In the best tradition of Black Devil Doll from Hell, Alfred Sole was responsible for a great deal of the behind-the-scenes work but added phony names to the credits in order to give off the illusion of professionalism. His co-producer, an absolute shyster of a lawyer named Richard Rosenberg, essentially pulled a Max Bialystock and raised way more money than was needed for the film. Sole was so busy doing practically everything on the film, including wardrobe, special effects, and going through seven cameramen due to the stop-and-start nature of the filming, that he just signed whatever Rosenberg put in front of him, resulting in Rosenberg pocketing several thousand dollars for himself while supposedly “raising funds.” Rosenberg claimed the film cost five hundred thousand dollars, while Sole insists it was only three hundred thousand, at best. In the end, Sole signed away a great deal of the rights to the film and many members of his crew and family were never able to get their money back.

It’s very possible that the reason Sole was unable to see through Rosenberg’s ruse sooner was due to his on-set clashes with Linda Miller. Although they later became friends, he called her “a nightmare” and “the actress from hell.” Married to Pulitzer Prize-winning playwright and Exorcist actor Jason Miller, her main claim to fame was being Jackie Gleason’s daughter. However, according to Sole, she hated anyone knowing that fact and kept it a secret. While Sole also claims that she’d walk around and tell people about her famous papa, when he casually mentioned to some of the extras who her father was, she came running into the middle of a scene having slashed her wrists. The cuts weren’t deep enough to prove fatal and with the film three-quarters of the way complete, he was able to persuade her to finish and he points out that if viewers look carefully, the sleeves around her wrists are quite tight.
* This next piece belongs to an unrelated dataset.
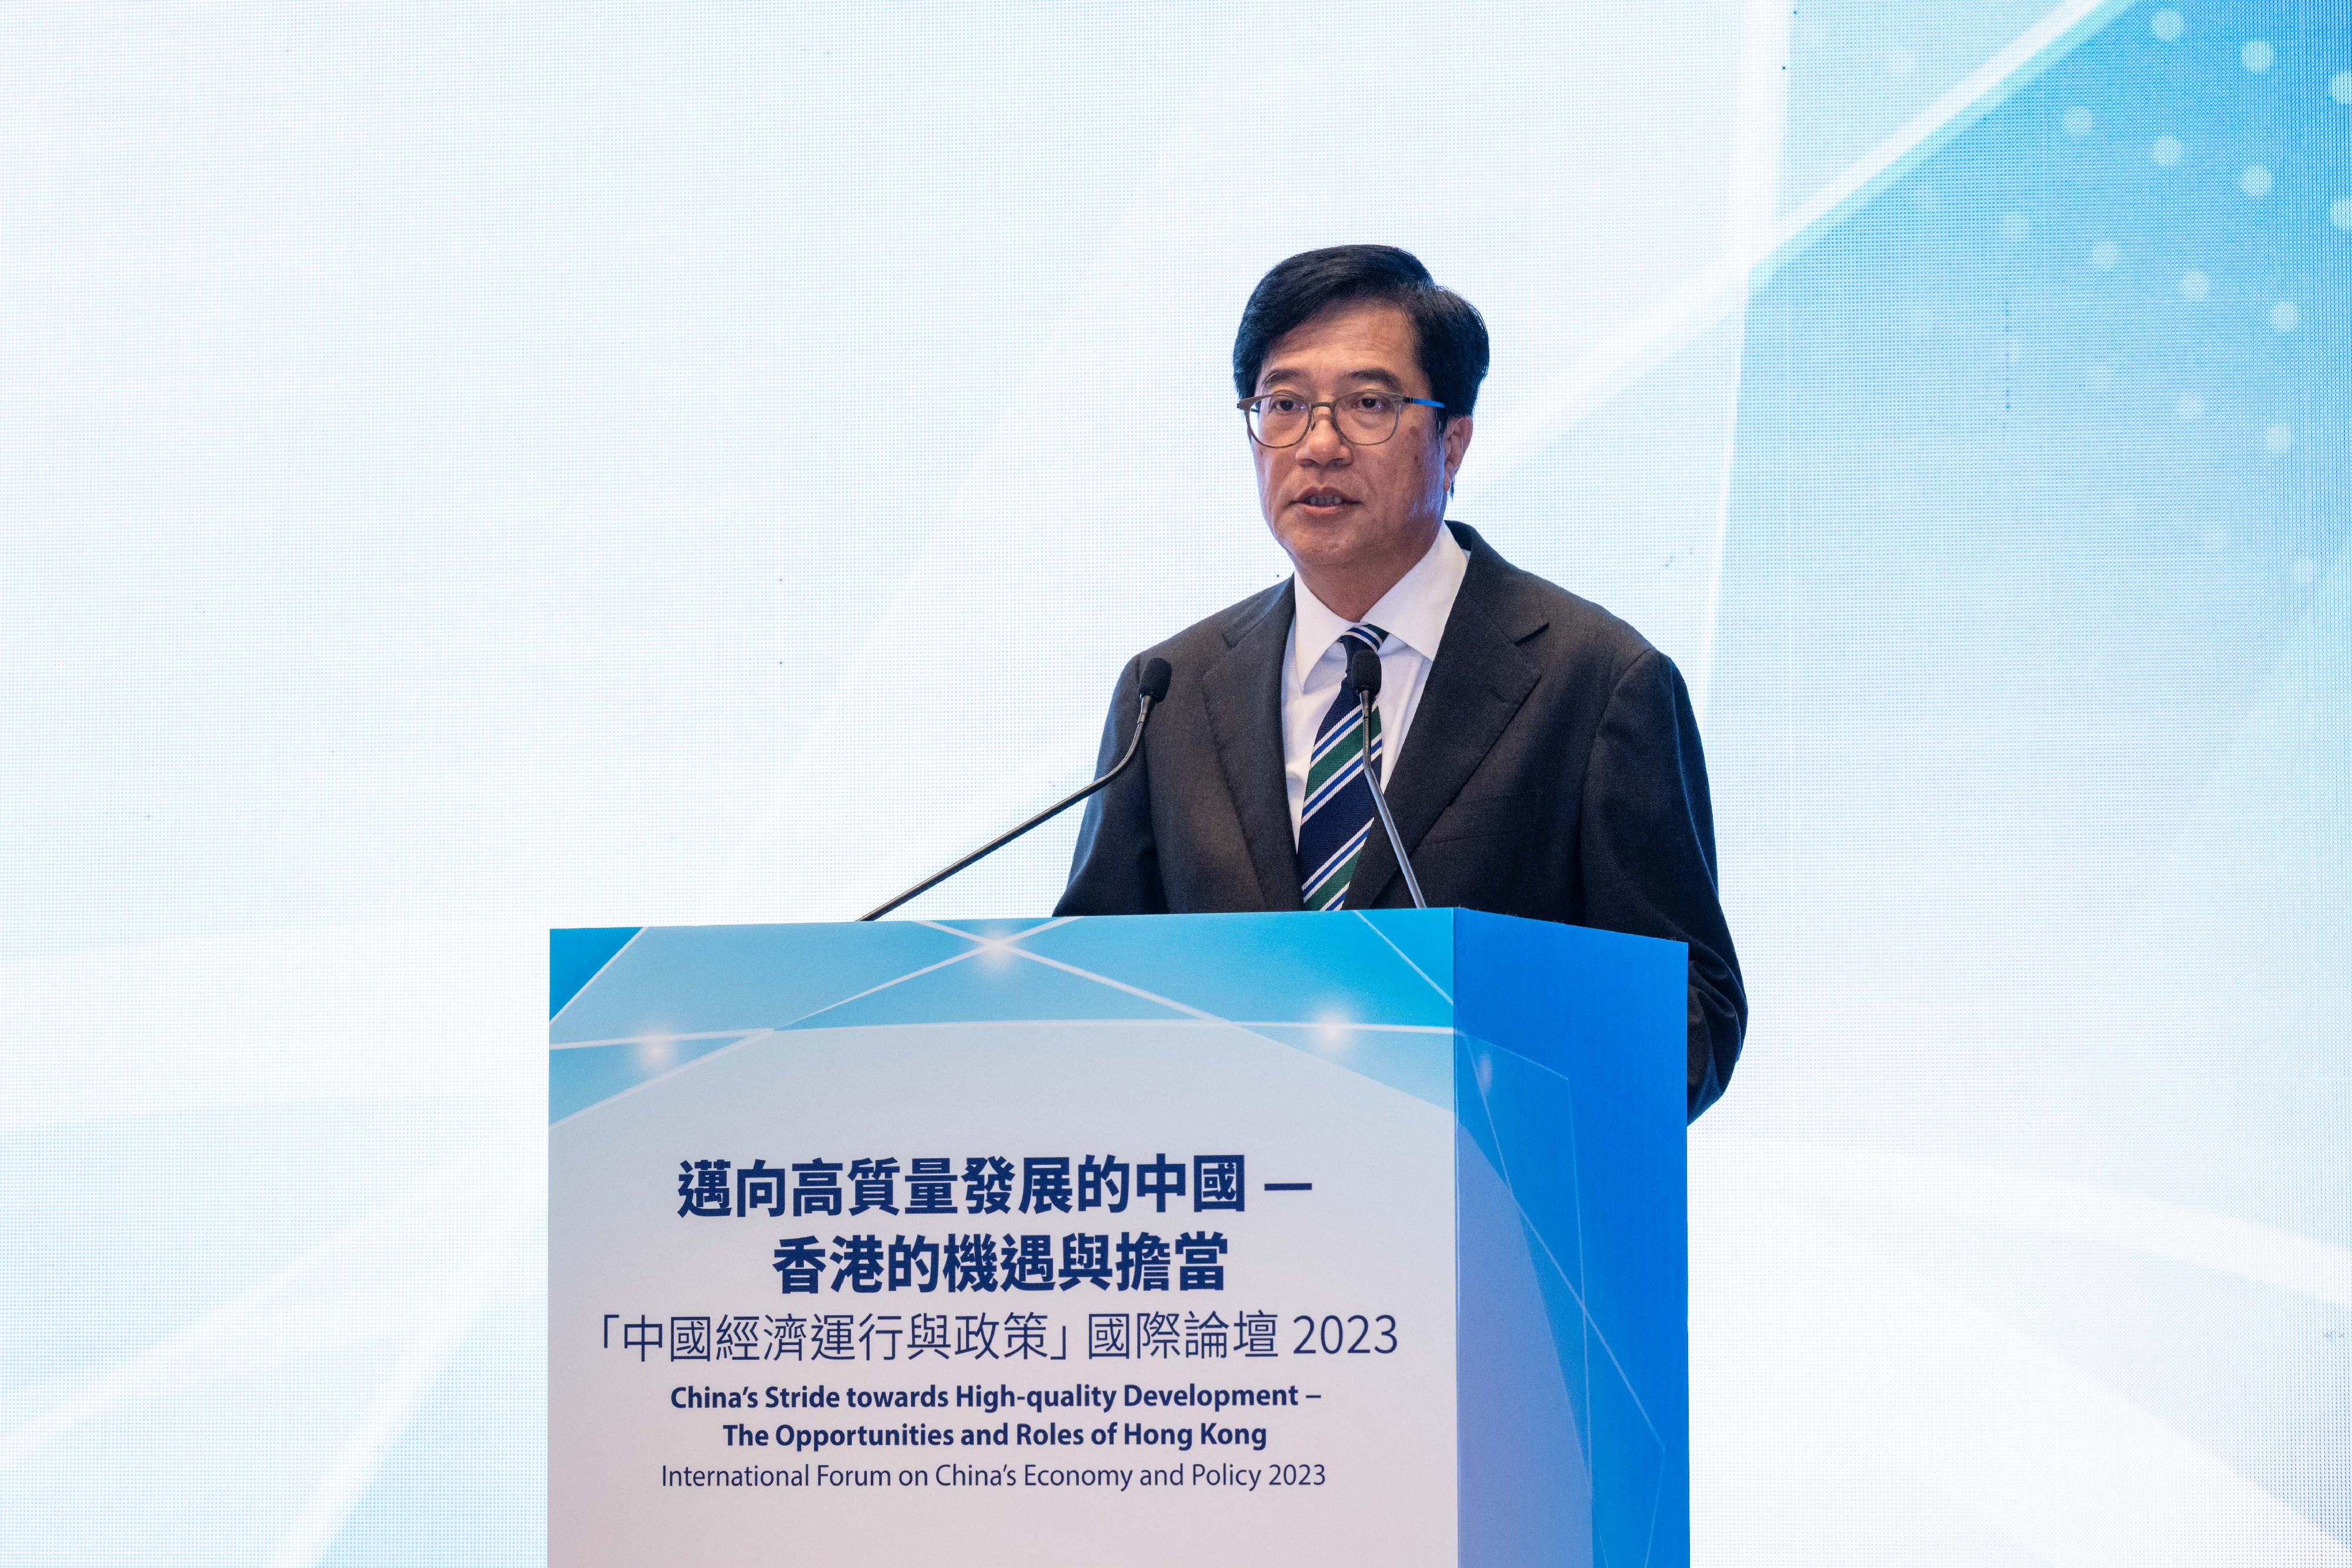 邁向高質量發展的中國──香港的機遇與擔當「中國經濟運行與政策」國際論壇2023今日（十一月十五日）在政府總部舉行。圖示署理財政司司長黃偉綸在論壇作特邀演講。。

Thanks to the Herculean efforts of editor Edward Salier (The Garbage Pail Kids Movie, Roller Boogie), the movie was finished. Sole designed the poster and the film was to be distributed by Columbia Pictures along with a Bantam book tie-in, one of the first of its kind. Unfortunately, due to Rosenberg’s duplicitous nature, the deal was cancelled and the film was in limbo for a while before being picked up by Allied Artists. It’s a picture of many strengths, with a strong visual style and a quietly chilling score by Stephen Lawrence, who described his process as “imagining a cloud of bad karma hovering.” The film can be enjoyed both as a smart thriller or a campy masterclass in over-the-top acting. Either way, it’s a very accomplished and evocative film.